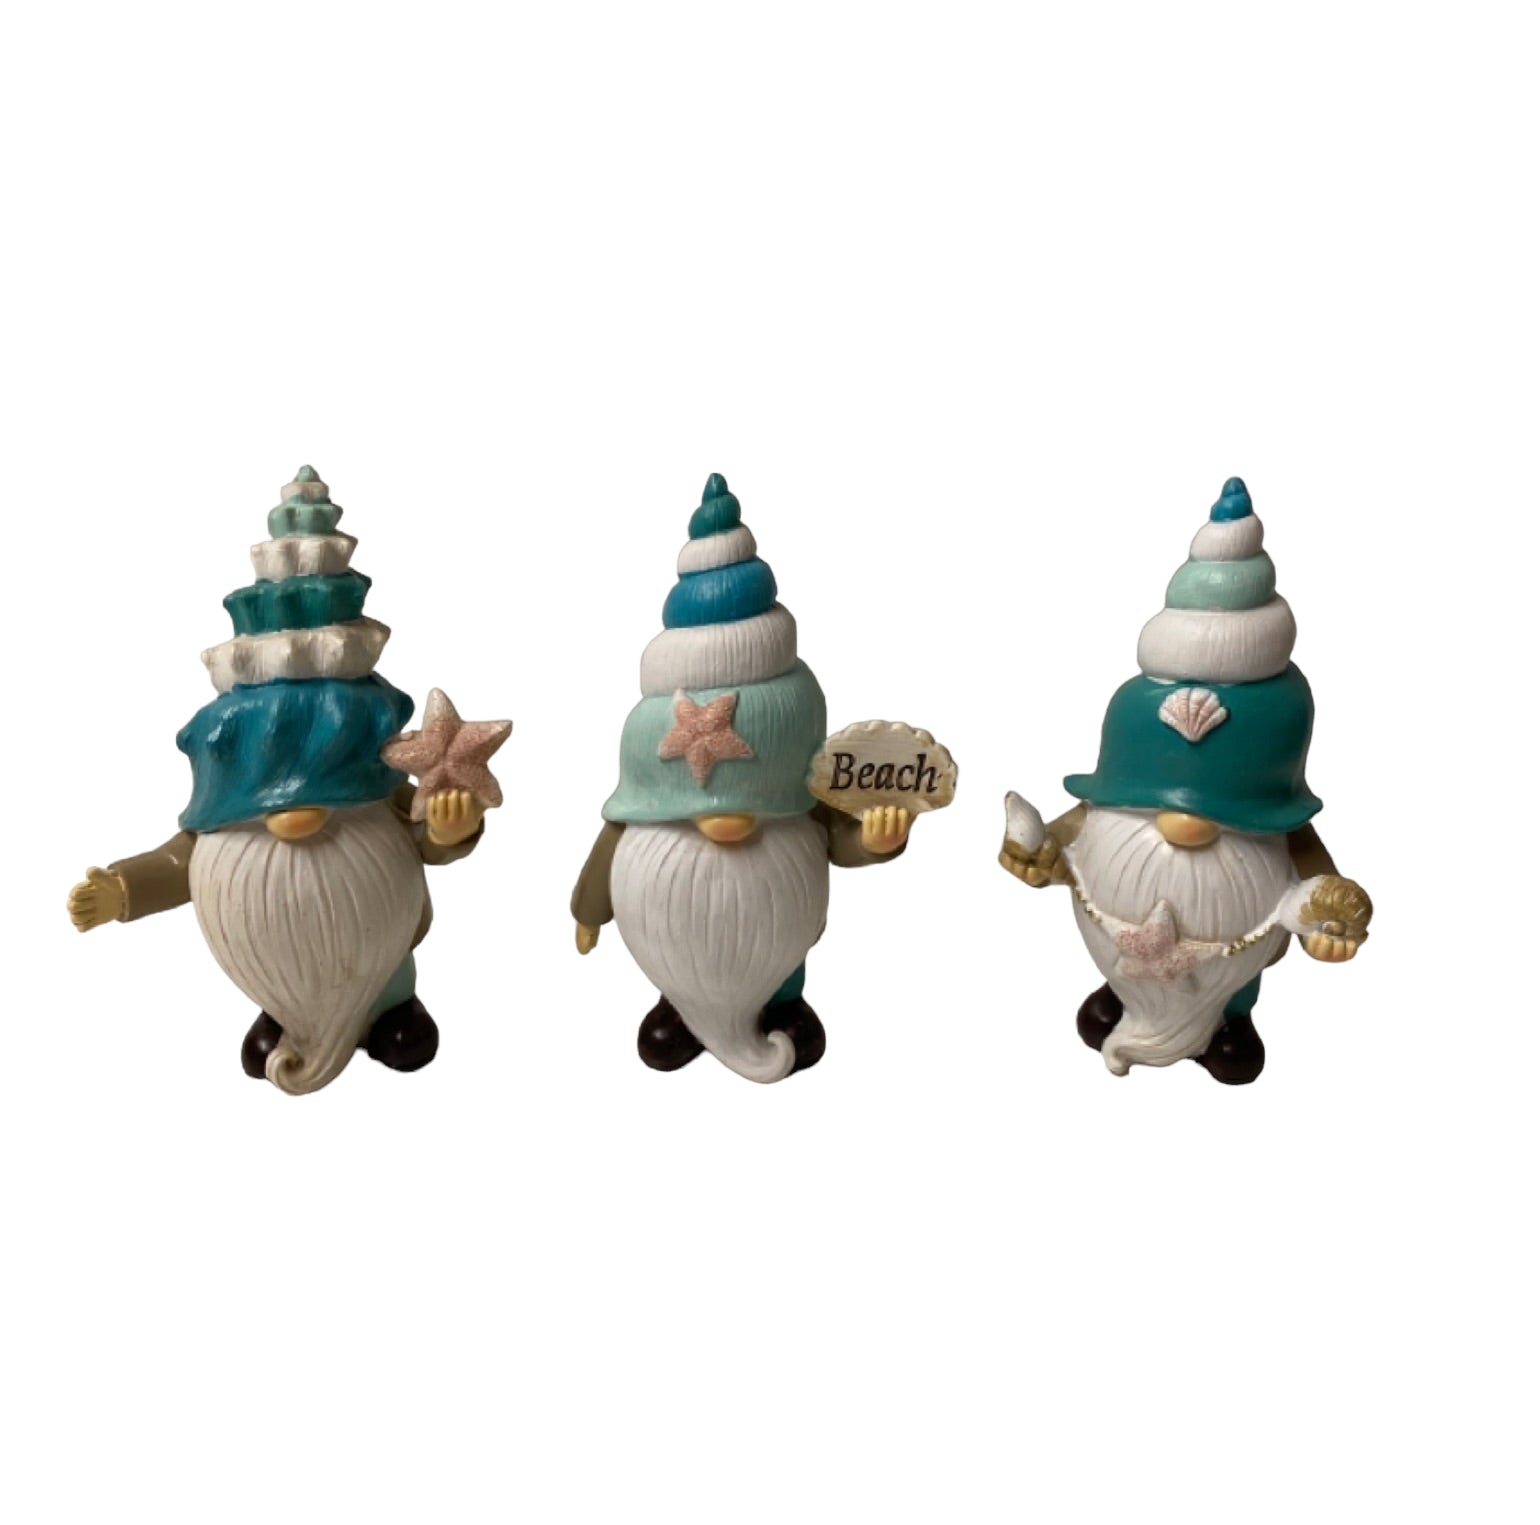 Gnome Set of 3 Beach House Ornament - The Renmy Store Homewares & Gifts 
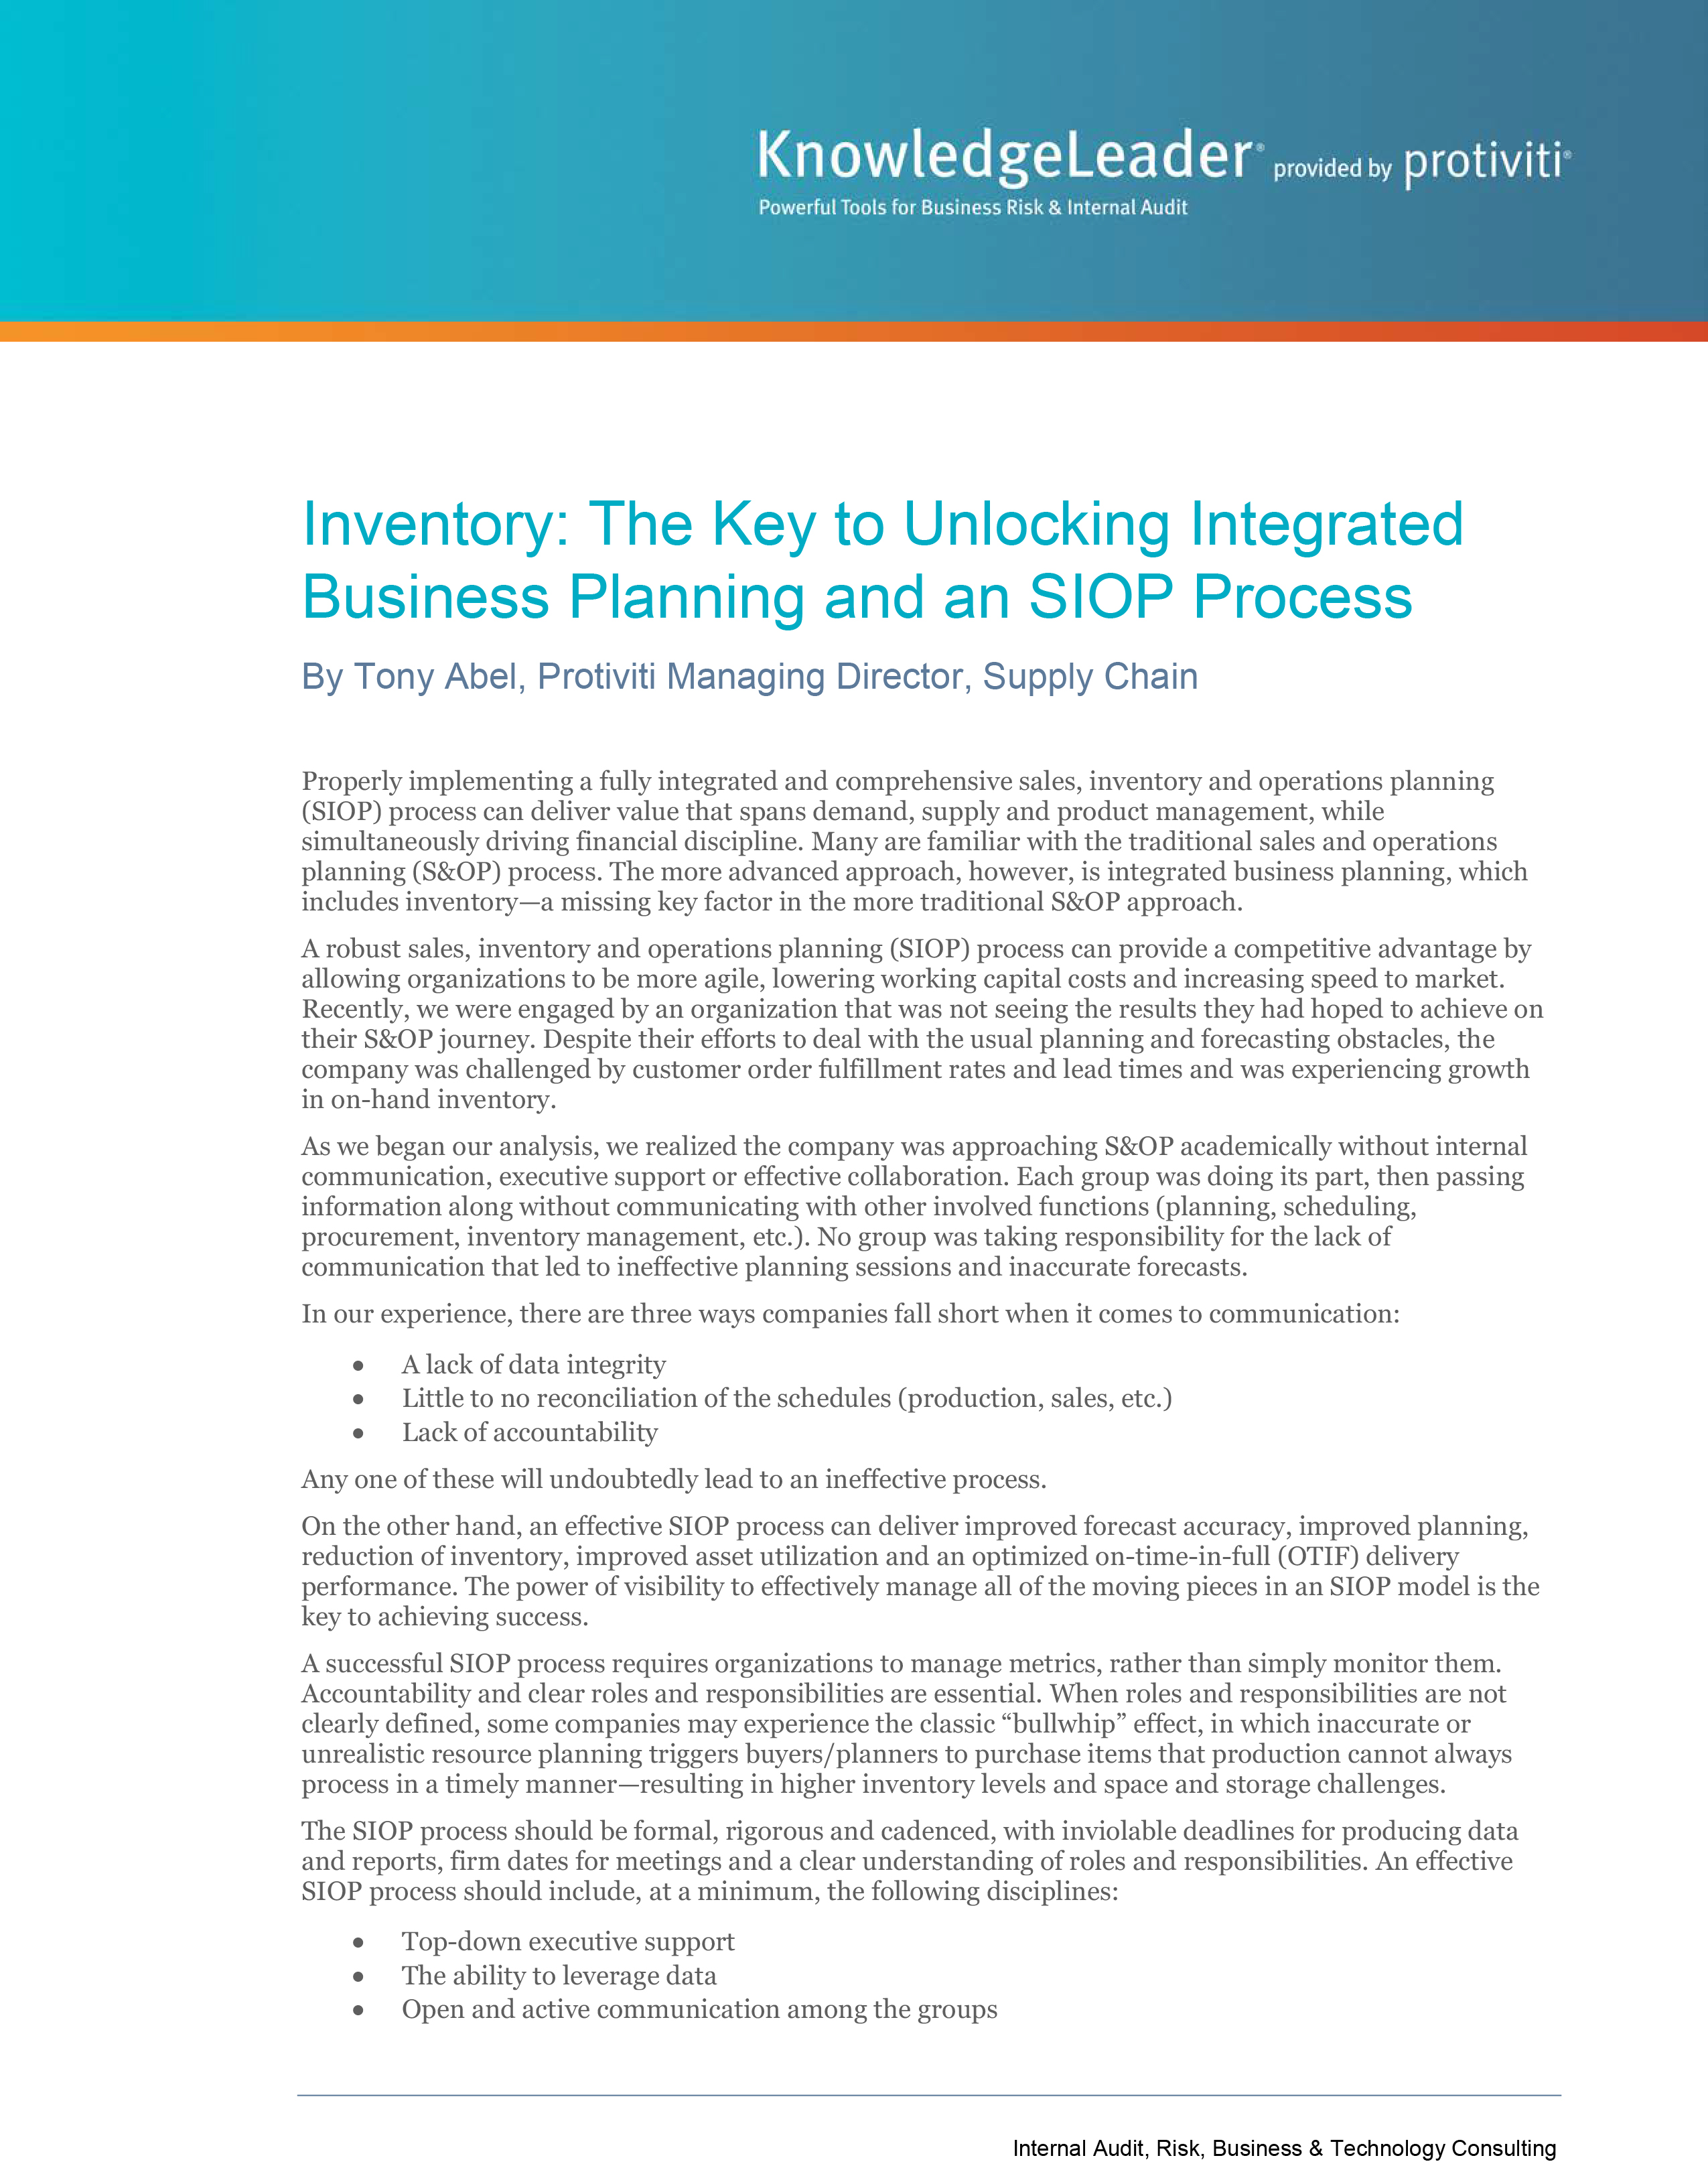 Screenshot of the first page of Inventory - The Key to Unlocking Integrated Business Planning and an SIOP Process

*****

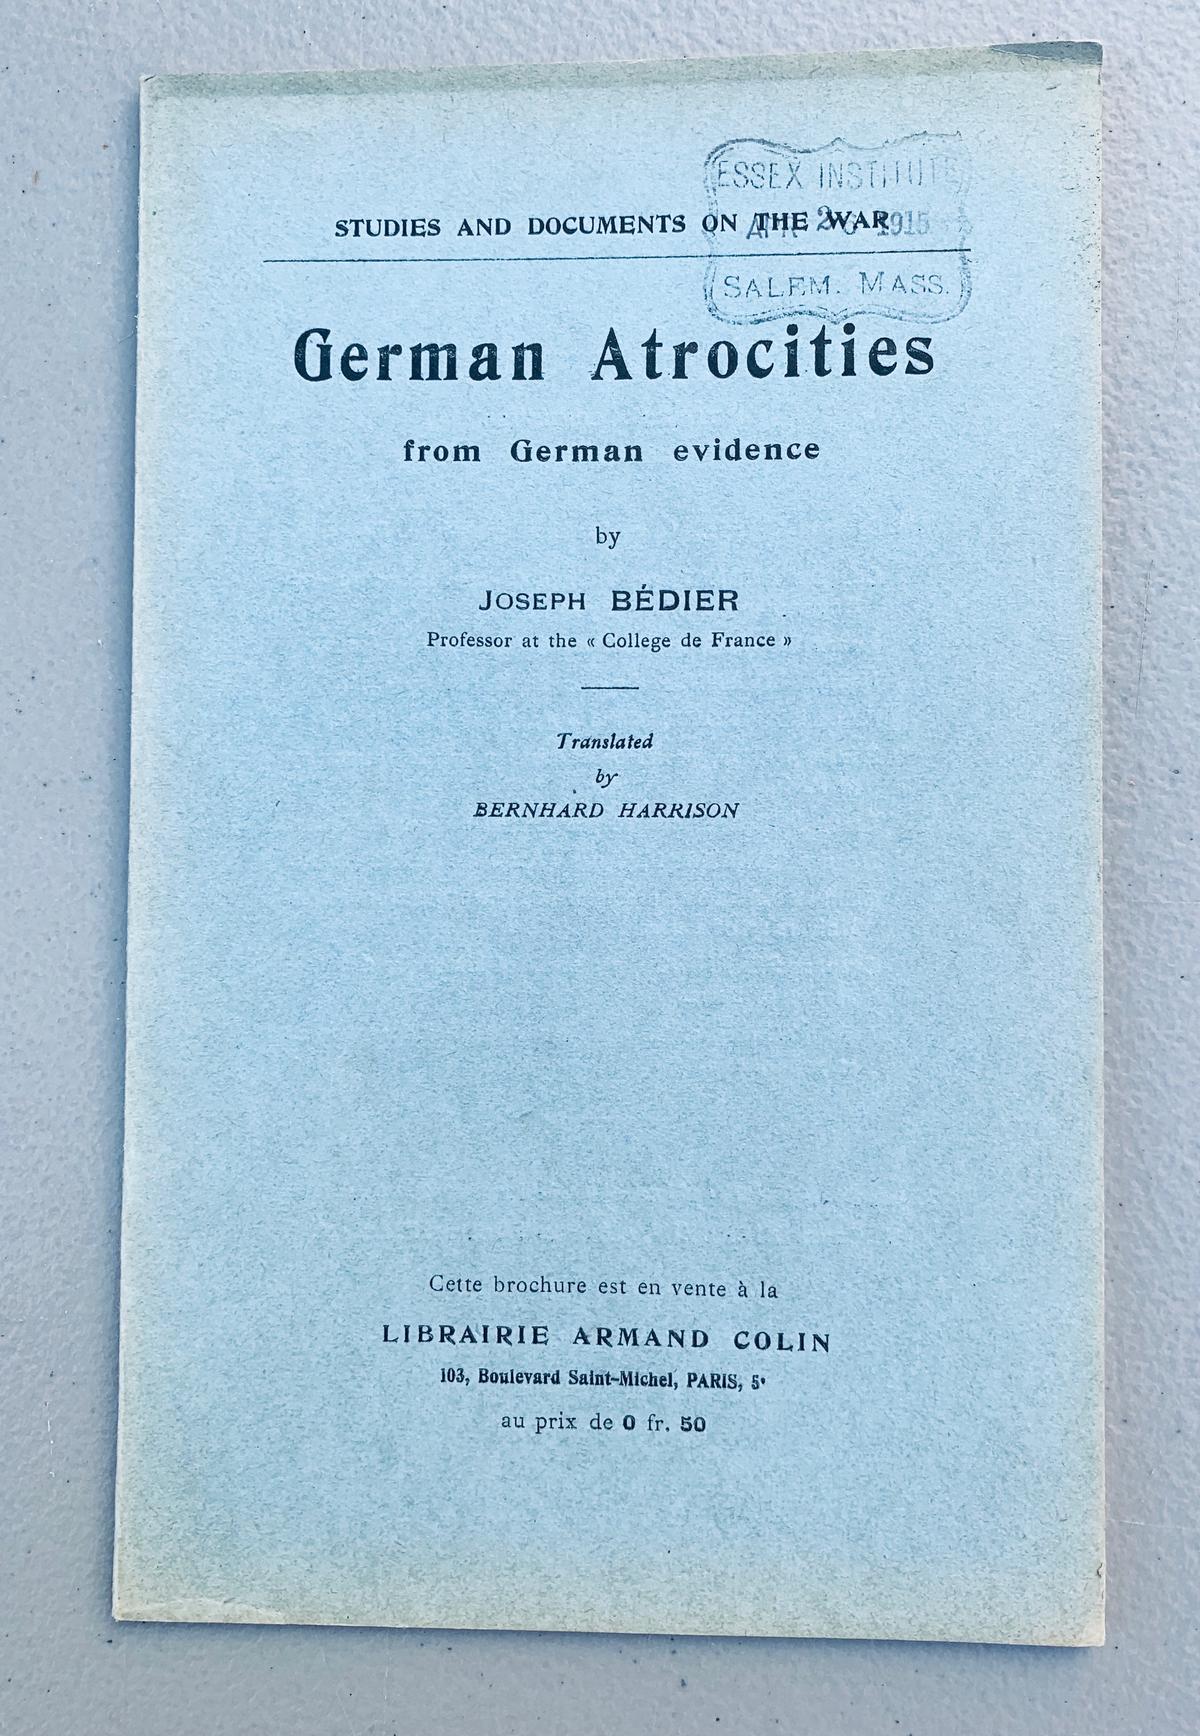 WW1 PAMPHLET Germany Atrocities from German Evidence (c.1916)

*****

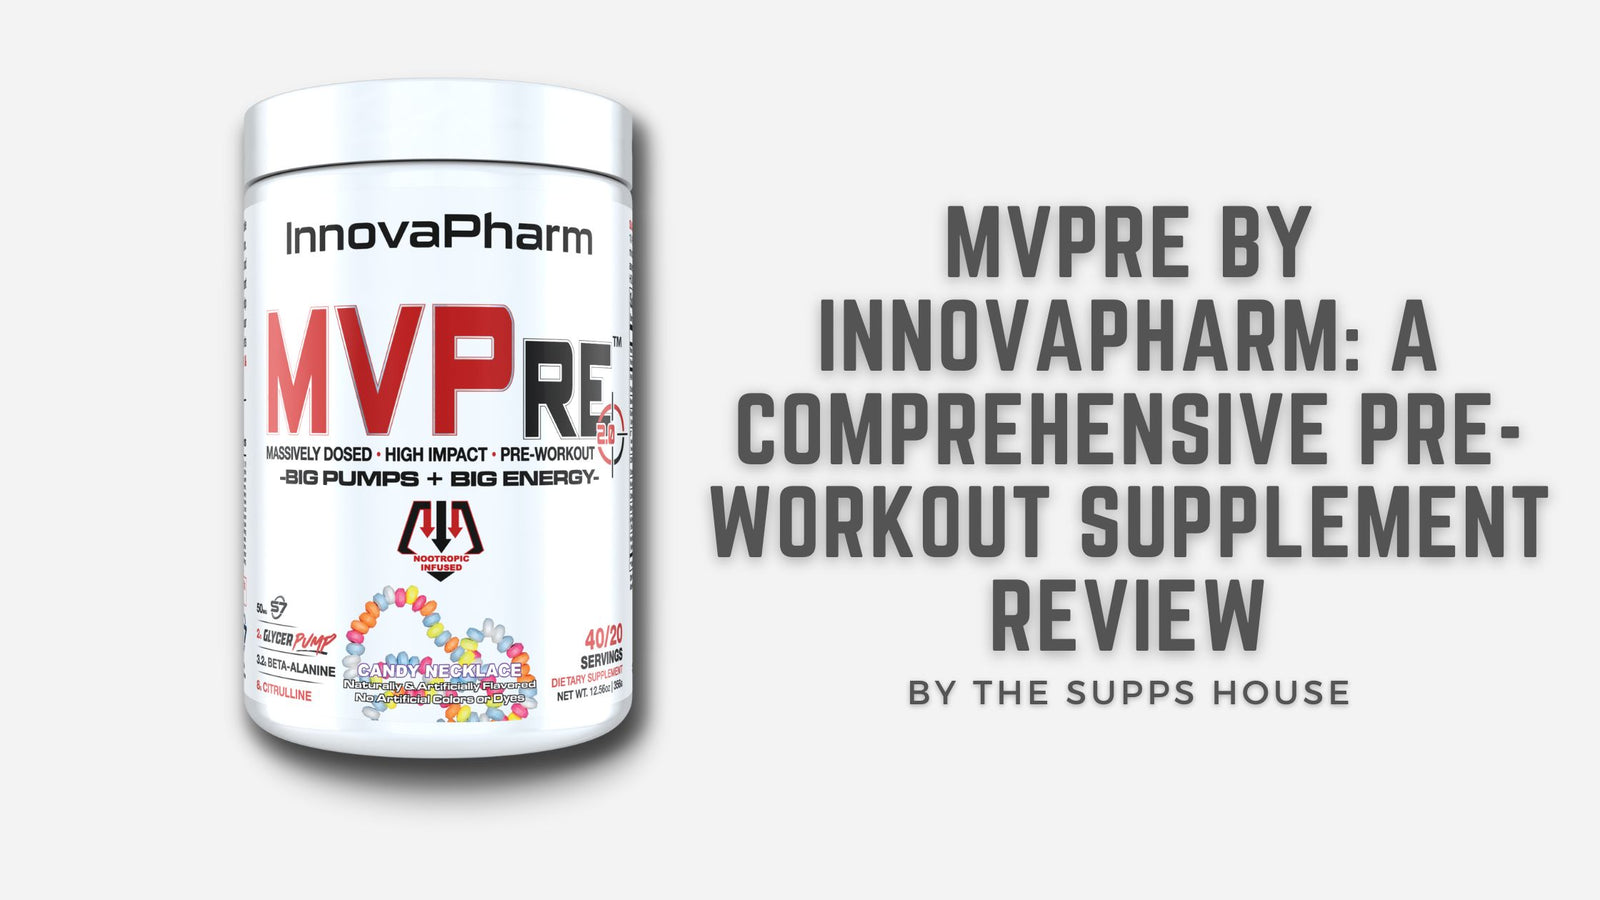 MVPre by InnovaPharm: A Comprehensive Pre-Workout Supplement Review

*****

Problem requirements:
Using the records above, return word for word the lines that begin at the one containing "Gnome Set of" and end at the one containing "Screenshot of the", both of them included and no pictures.

Solved problem:
 Gnome Set of 3 Beach House Ornament - The Renmy Store Homewares & Gifts 
 Screenshot of the first page of Inventory - The Key to Unlocking Integrated Business Planning and an SIOP Process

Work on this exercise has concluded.